The oval misshaping was caused by hard trench bottom underneath, and weakly packed soil on the sides, which the lack of side support allowed the sides to flex outward under the top weight of the soil above...

Say what you want about materials but don't use an improper installation to prove your point...
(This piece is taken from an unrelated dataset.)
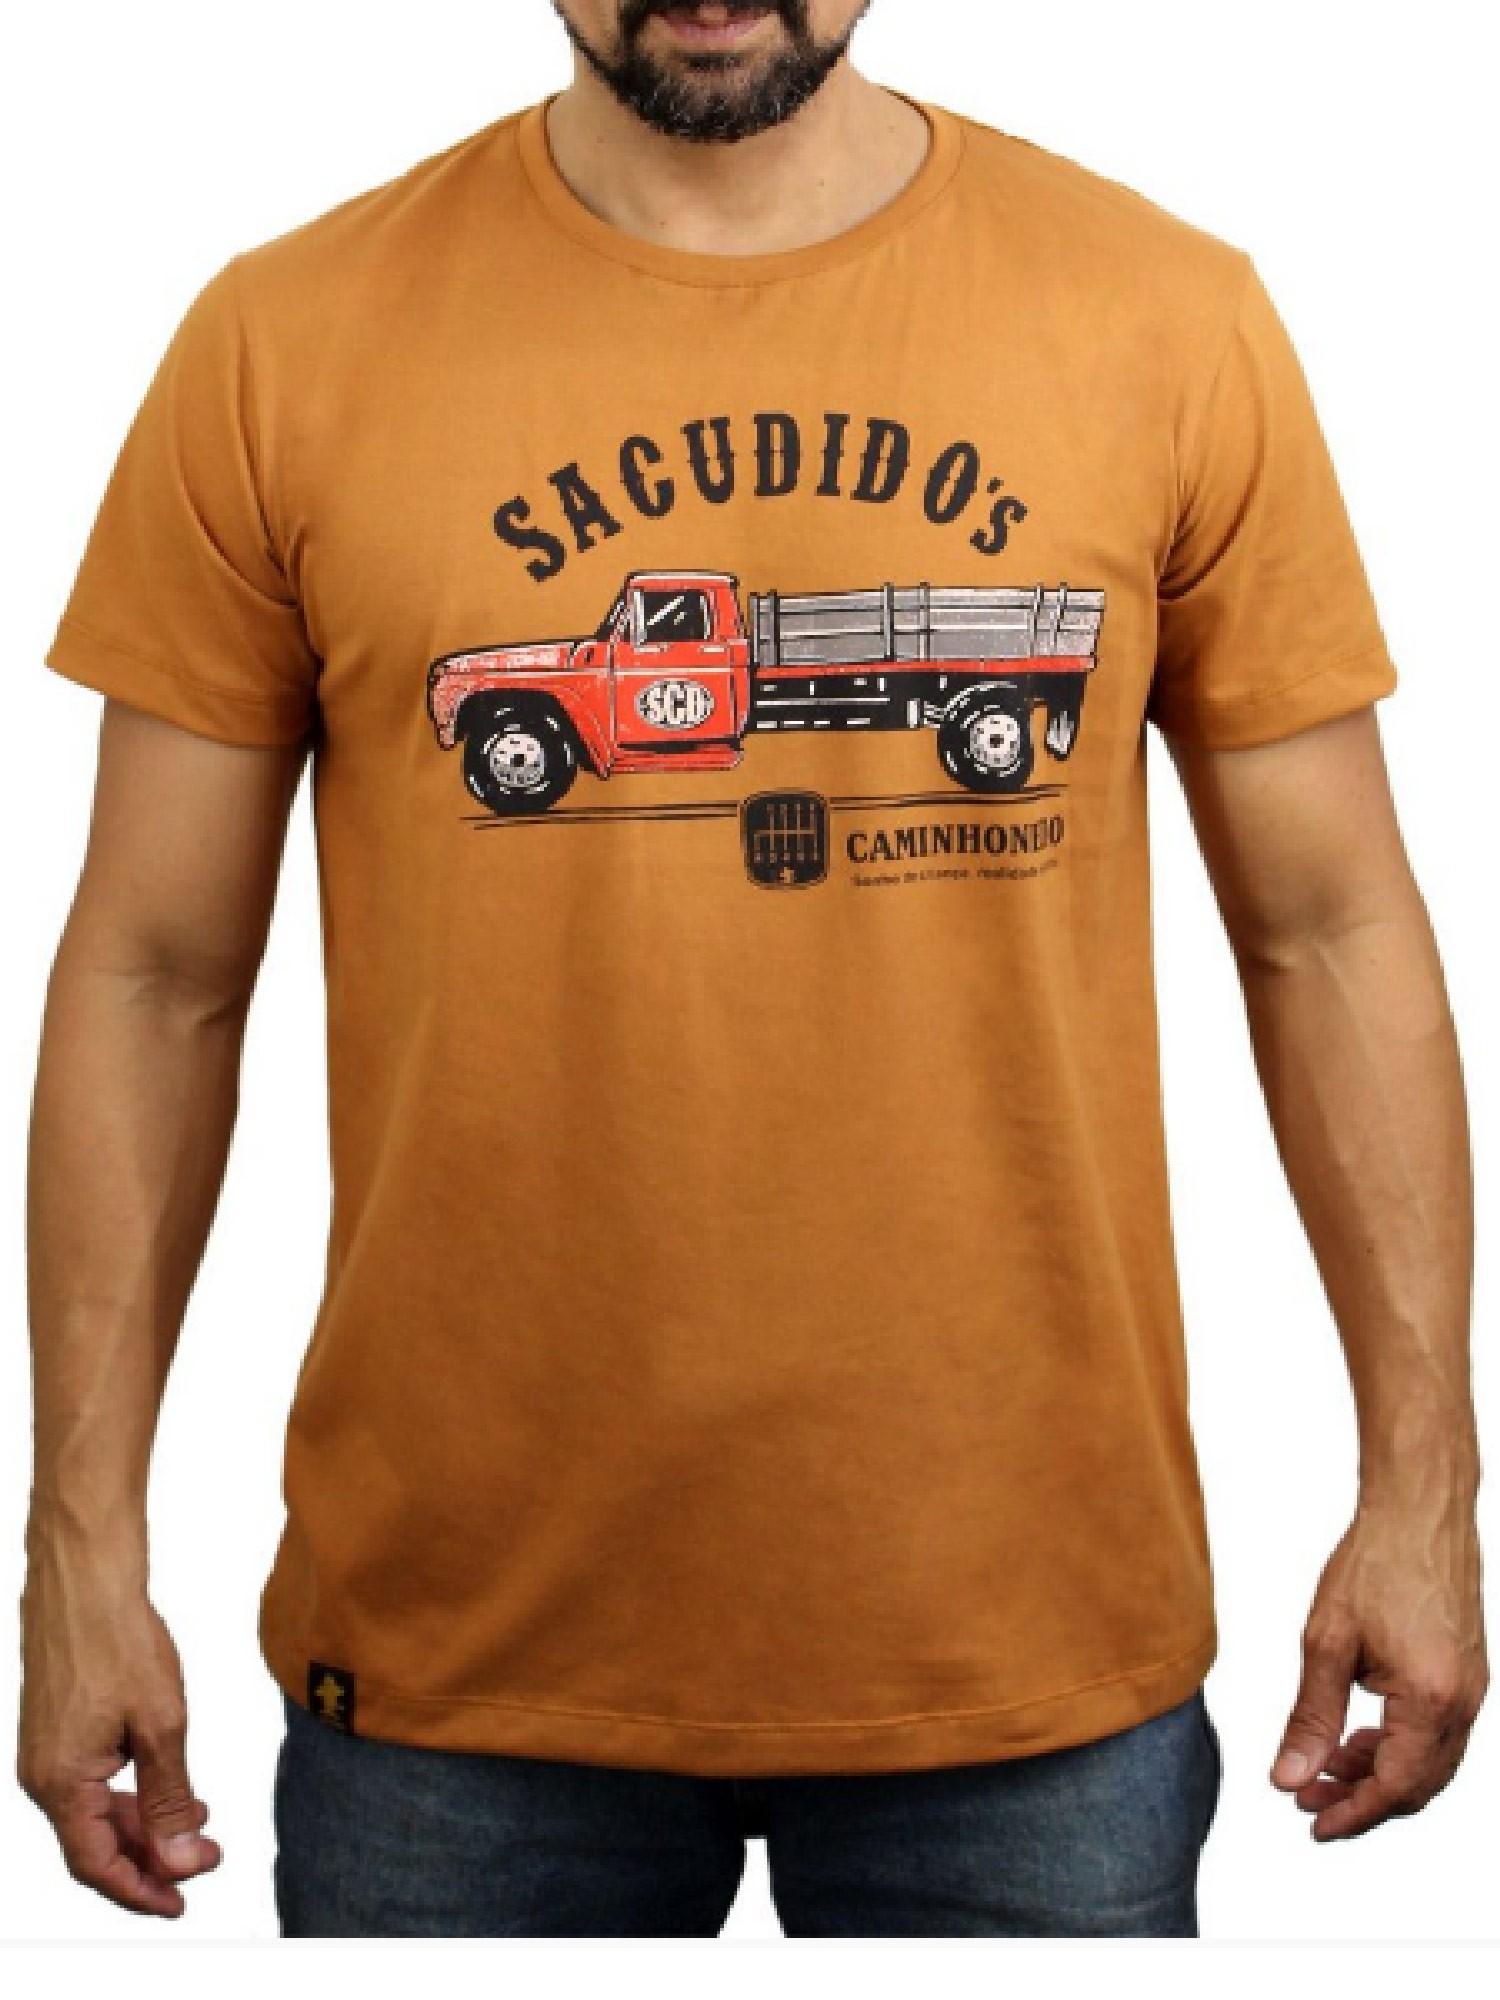 Camiseta Masculina Sacudido's Caminhao Desert

Here is what JM Eagle has to say:



> BEDDING
> Bedding is required primarily to bring the trench bottom
> up to grade. Bedding materials should be placed to provide
> uniform longitudinal support under the pipe to prevent
> ...


----------



## Shoot'N'Plumber (Apr 27, 2013)

It's just SDR-35! It's common out here as the sewer lateral in the street. The 4" is very thin and flimsily which allows it to regularly look like yur pic. The 6" and above is much more ridgid though.


----------



## SchmitzPlumbing (May 5, 2014)

you can get sch 35 in white or green. i never used it for sanitary. its most common for downspouts.


----------



## KoleckeINC (Oct 22, 2011)

$$$ says they used pipe made for seepage or landscaping. You can not bend 35 in the middle.


----------



## All Pro (Nov 15, 2013)

I believe that sdr is code here in CT. It's all I've used on any digs I've been involved in. Nice o-ring joints.


----------



## All Pro (Nov 15, 2013)

I've never seen the glueless joints and fittings for sch40 pvc. I could be wrong since my go to is J.M. Sdr and the gasketed fittings.


----------



## PPRI (Aug 27, 2013)

You really can't just call it SDR. A lot of pipes are Standard Dimension Ratio.


----------



## All Pro (Nov 15, 2013)

Green sdr 35. Gasketed sewer pipe.


----------



## mpm (Nov 16, 2010)

SDR-35 we see it a lot on the building to main connections. Typically we only stub 5' from building. Site work guys take it from there and usually use SDR-35. It's commonly used as area drains too. It's not bad stuff when installed properly with the right bedding etc.


----------



## Cuda (Mar 16, 2009)

SDR-35 is all that some city's allow and gasket fittings only no pvc glue joints. I once had to pull a complete scd, 40 PVC sewer out and replace it. They seem to be more concerned that the pipe can flex in earthquakes and sandy soils than the joints pulling apart. And like was said good bedding and 2 feet of cover over the pipe so it doesn't egg out. We actually bought a special bit that looks like a hole saw that just buzzes the perfect angle on the pipe fast prior to joining to a fitting.


----------



## Plumbus (Aug 4, 2008)

The civil engineers in my area spec SDR26. Installs the same, just a little bit beefier.


----------



## dhal22 (Jul 30, 2010)

All Pro said:


> Green sdr 35. Gasketed sewer pipe.


White or green, that's what I refer to it as.


----------



## Dpeckplb (Sep 20, 2013)

We use the white sdr 4" sewer pipe, it's minimum code here. If we used sch. 40 up here we would be twiddling our thumbs because we sure wouldn't be working. We have had the green pipe shipped on occasion because the supplier cheaped out. The white seems to be alittle more ridgid, as long as its not put on a rock.


----------